Artist Kazaan Viveiros's exhibit of paintings that look like collage opened yesterday at the Athenaeum (201 Prince St., Alexandria, Virginia 22314; 703-548-0035) and runs through February 28. A reception is scheduled for Sunday, January 17, 4:00 p.m. - 6:00 p.m. Don't miss Viveiros's show. Hers are stories in paint, evocations of memory made large yet deeply intimate.


According to her Artist Statement, Viveiros creates her works from "assembled images stemming from a rich library of personal and cultural references, ranging from literature and natural science to personal experience, travel, and drawings centuries old." The images, she explains, "emerge slowly, appearing, disappearing, shifting and transforming, until the right combination manifests itself. The process is intuitive. The structure refers to inextricable links, a piecing together, and an interconnectedness of elements. The surfaces strike a balance between impulse and restraint, natural erosion and precise draftsmanship."

Currently, Viveiros is focusing on the natural world and incorporating in her paintings images of landscapes, animals, and plants, as seen above in the diptych Galapagos (36x48 inches, Acrylic, conte crayon on panel) and immediately below, in the diptych Life and Death (40x60 inches, Acrylic, conte crayon, pencil on panel), which Viveiros kindly made available for my post. She is particularly interested in the effects of environmental changes on plants and animals and aims to explore, through "observing, remembering, and internationalizing the idea of Nature", the "connections that are immanent between mental state and visual environment."

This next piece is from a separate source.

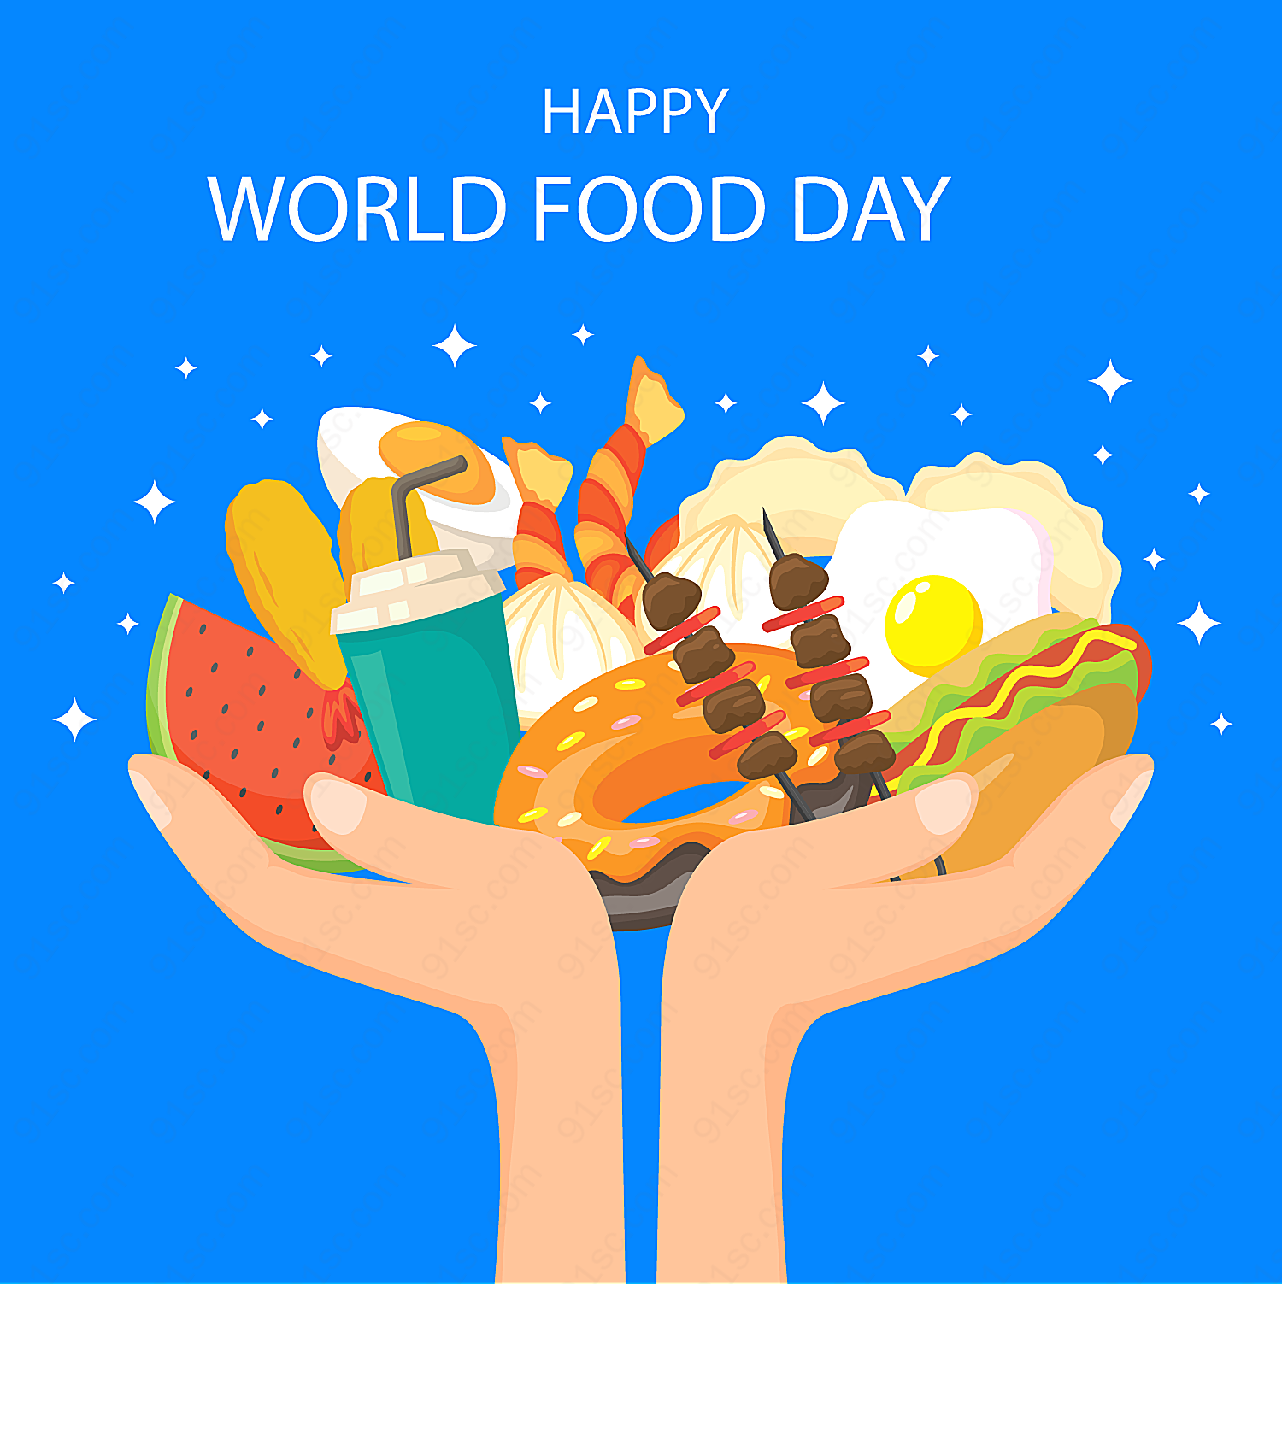 世界粮食日捧起食物矢量节日其它

Viveiros, a resident of Charlottesville, Virginia, with a master's degree in printmaking from the San Francisco Art Institute, is represented by galleries in Richmond, Virginia; New York City; Scottsdale, Arizona; and Oak Park and Nevada City, California. Since 1991, she has exhibited around the country in numerous group shows, most recently in "Postcards from the Edge: A Benefit for Visual AIDS", at Zieher Smith Gallery in New York City. She has had solo exhibitions in Virginia, Georgia, Arizona, California, and Italy. Her work is in many corporate and private collections, including those of the Department of State, The David and Lucile Packard Foundation, Time/Warner, Capital One, and Nippon Express.

Ongoing

At Black Rock Center for the Arts, you'll find Personal Armor! Artists' Concepts of Aprons, comprising 31 works by artists from Washington, D.C., Maryland, Virginia, Colorado, Florida, South Carolina, and Pennsylvania. The show, called a "hoot" by its curator Trudi VanDyke, runs through January 29.

Black Rock's address is 12901 Town Commons Drive, Germantown, Maryland 20874. For hours or other information, telephone 3031-528-2260 or e-mail info@blackrockcenter.org.

Looking Again at Mosaics

Two more mosaic artists who will floor you with their accomplishments: Laurel Skye and Ellen Blakeley.

When you're done looking at what those artists have to offer, check out The Treatment Rooms, a privately owned home whose exterior is transformed by mosaics.

Coming Up

On January 30, Turner to Cezanne: Masterpieces From the Davies Collection, National Museum Wales, opens at the Corcoran Gallery of Art (500 Seventeenth St., N.W., Washington, D.C. 20006). The exhibition of Impressionist and Post-Impressionist paintings and works on paper by the great 19th Century and 20th Century masters — Cezanne, Manet, Monet, Pisarro, Renoir, Turner, and van Gogh — runs through April 25.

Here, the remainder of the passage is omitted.